Work task ->
Take the lines below from the one with "Joan C. Williams, professeure" through the one with "intressantahus-norburg-008" and print only them, exactly. Don't print the pictures.

Record extracts ->
_ _ _
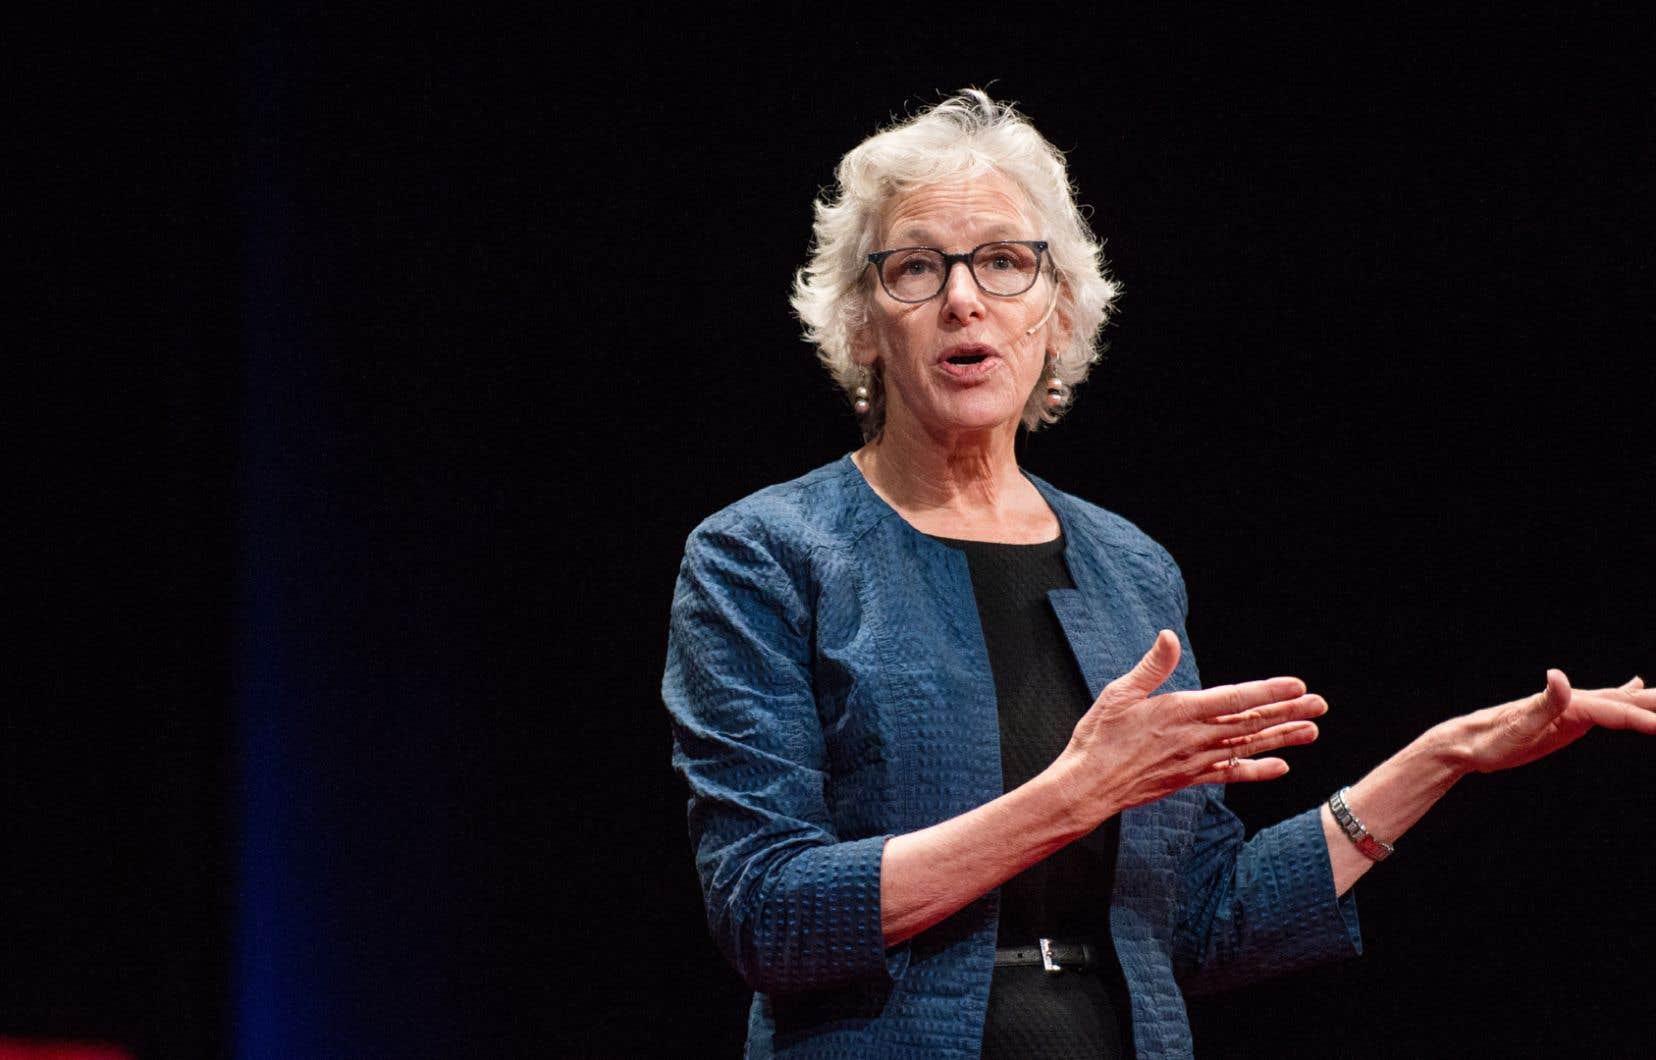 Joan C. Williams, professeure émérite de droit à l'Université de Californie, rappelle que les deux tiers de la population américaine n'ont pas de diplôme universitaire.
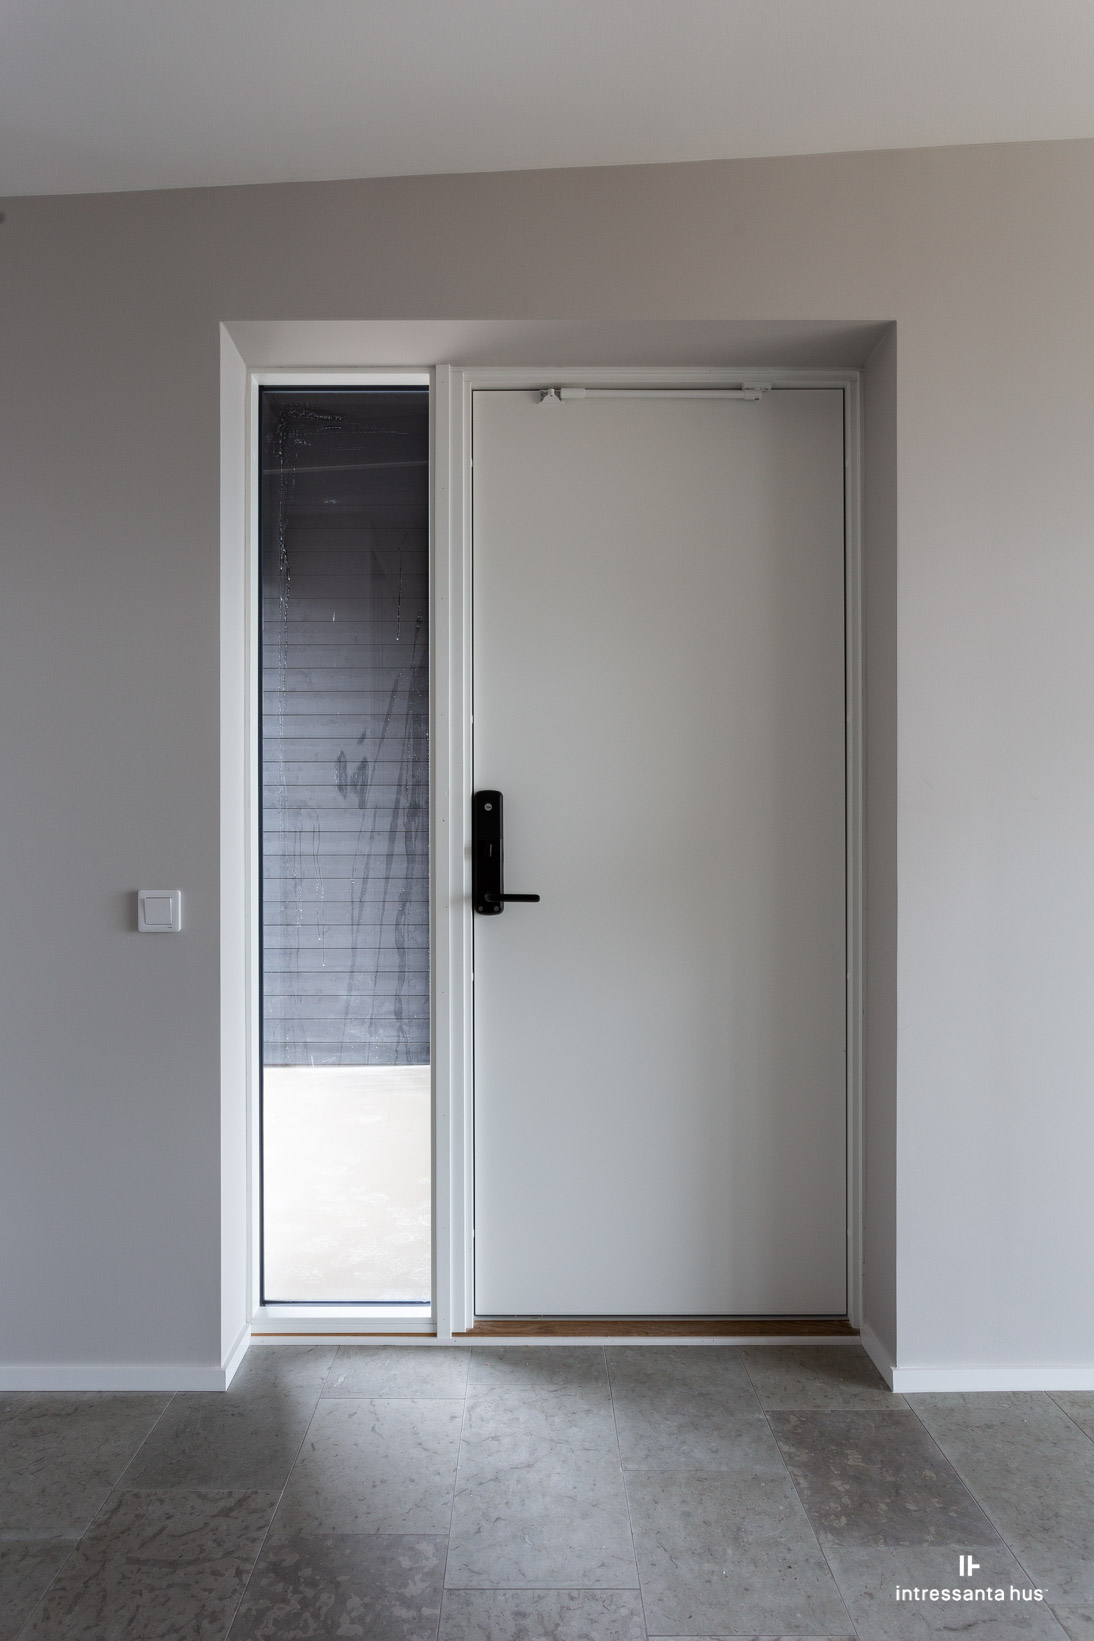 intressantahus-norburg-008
_ _ _
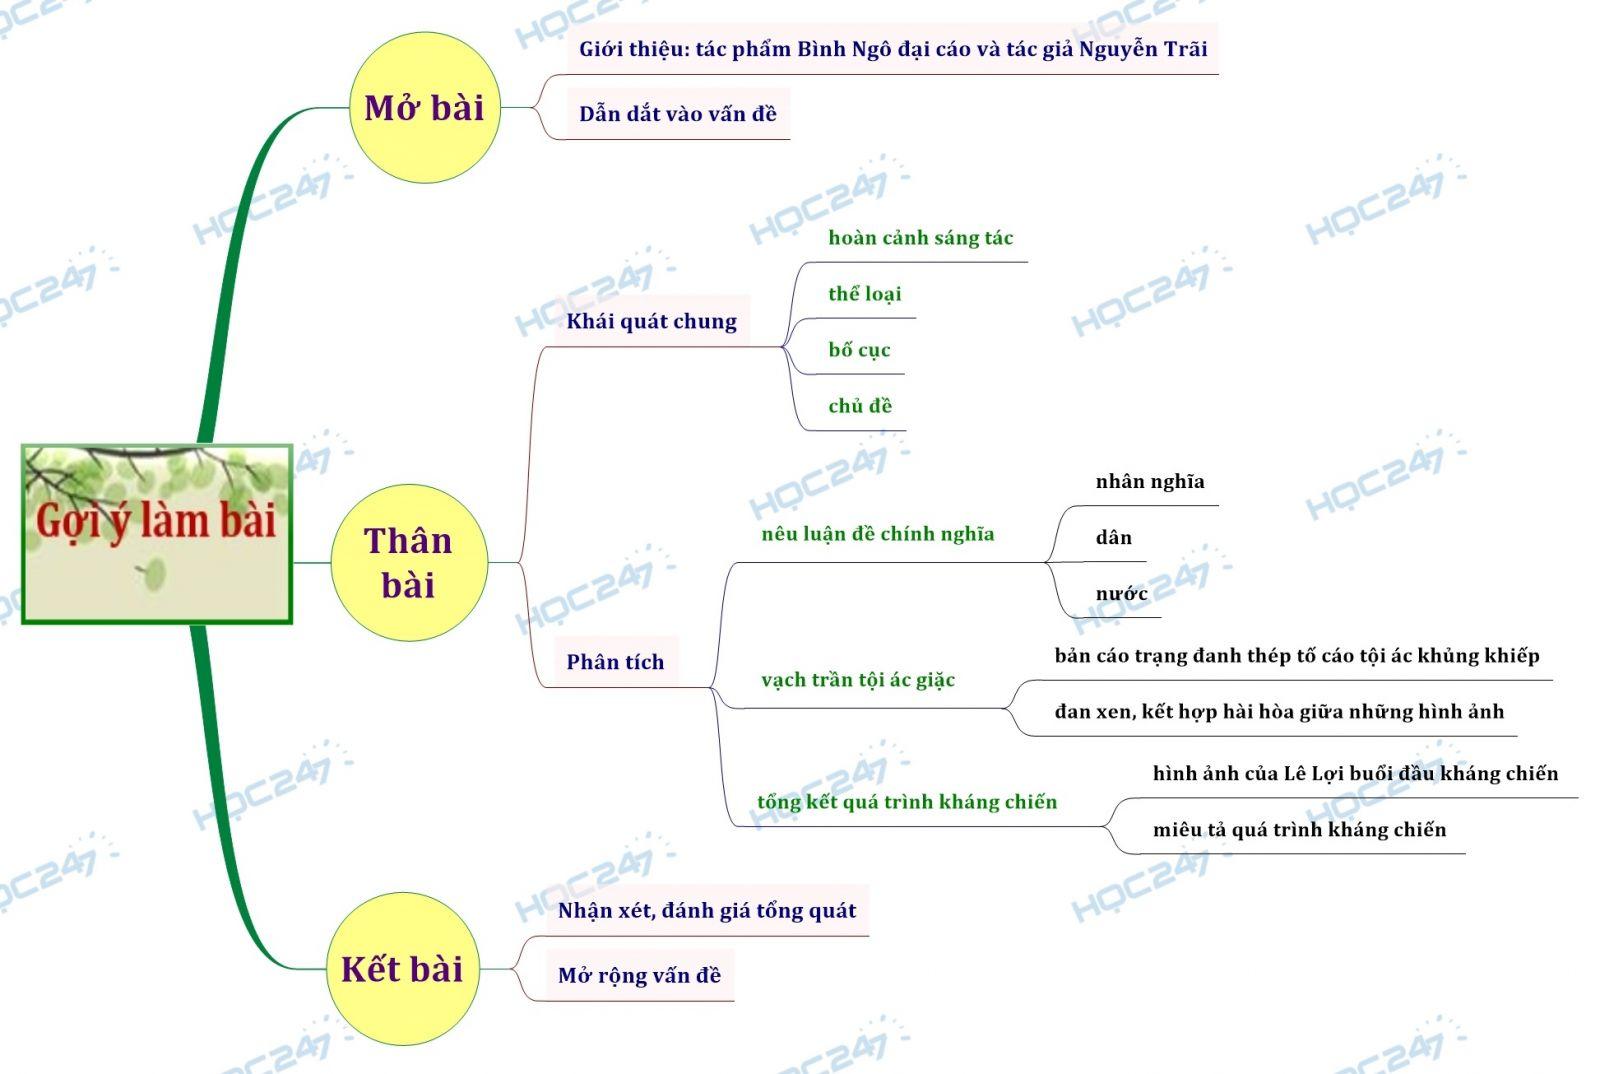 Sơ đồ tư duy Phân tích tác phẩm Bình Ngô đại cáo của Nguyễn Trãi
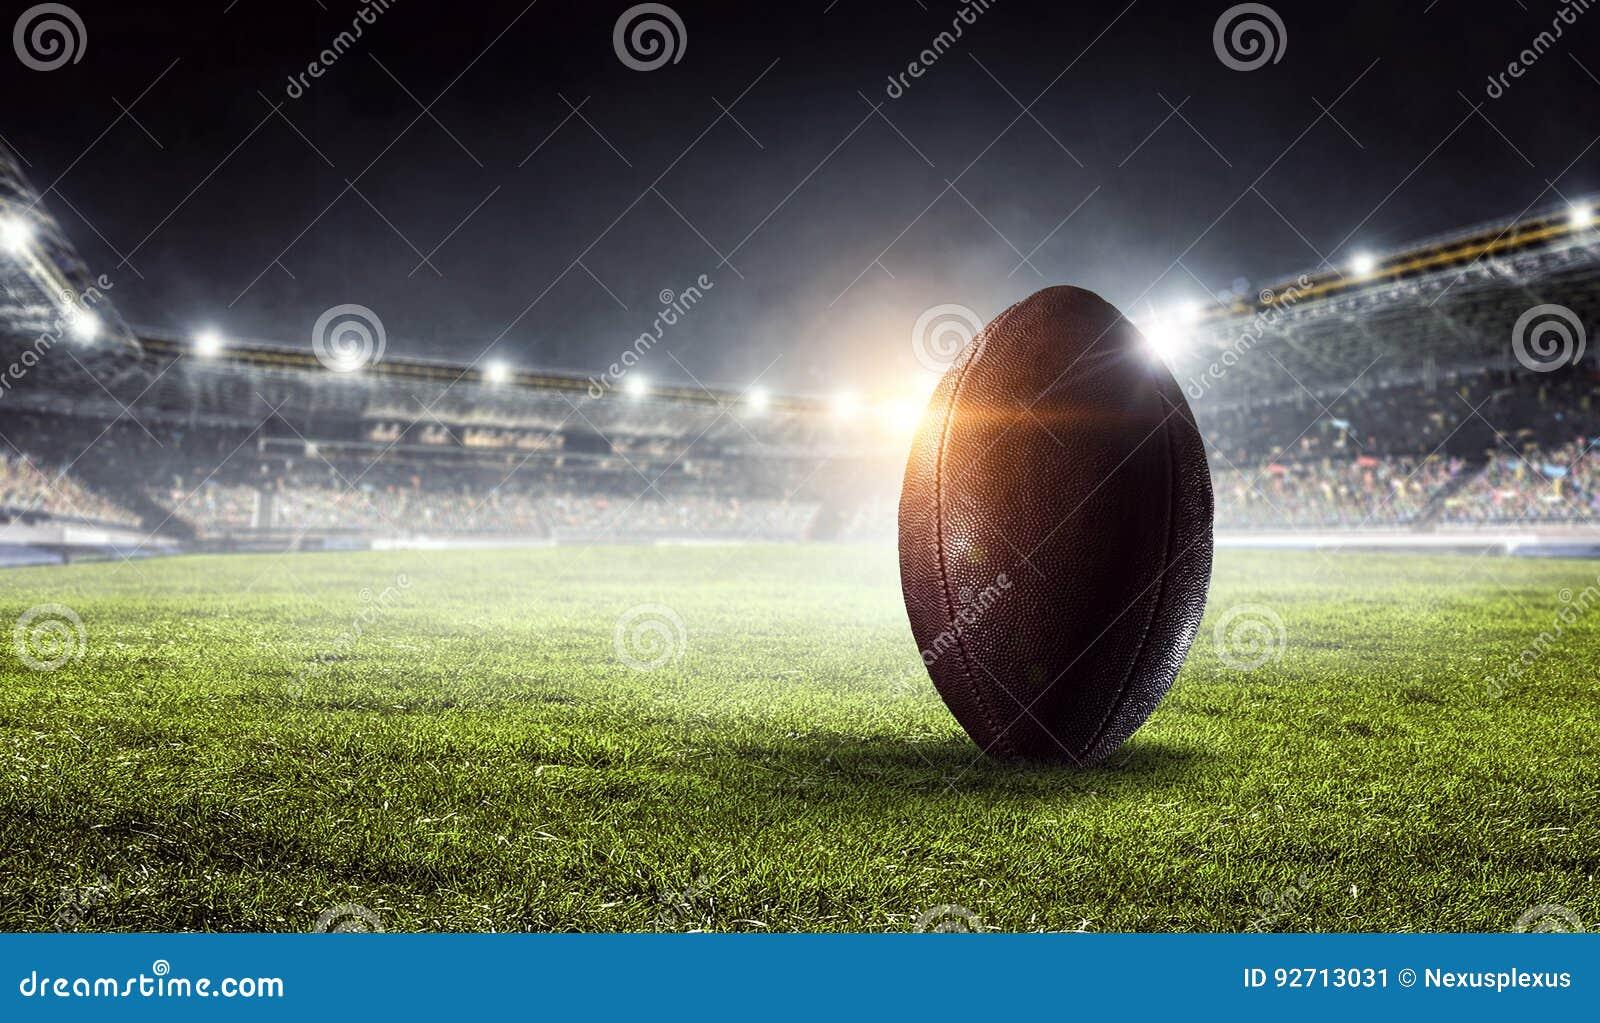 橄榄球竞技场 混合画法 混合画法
_ _ _
Solution for this problem ->
 Joan C. Williams, professeure émérite de droit à l'Université de Californie, rappelle que les deux tiers de la population américaine n'ont pas de diplôme universitaire.
 intressantahus-norburg-008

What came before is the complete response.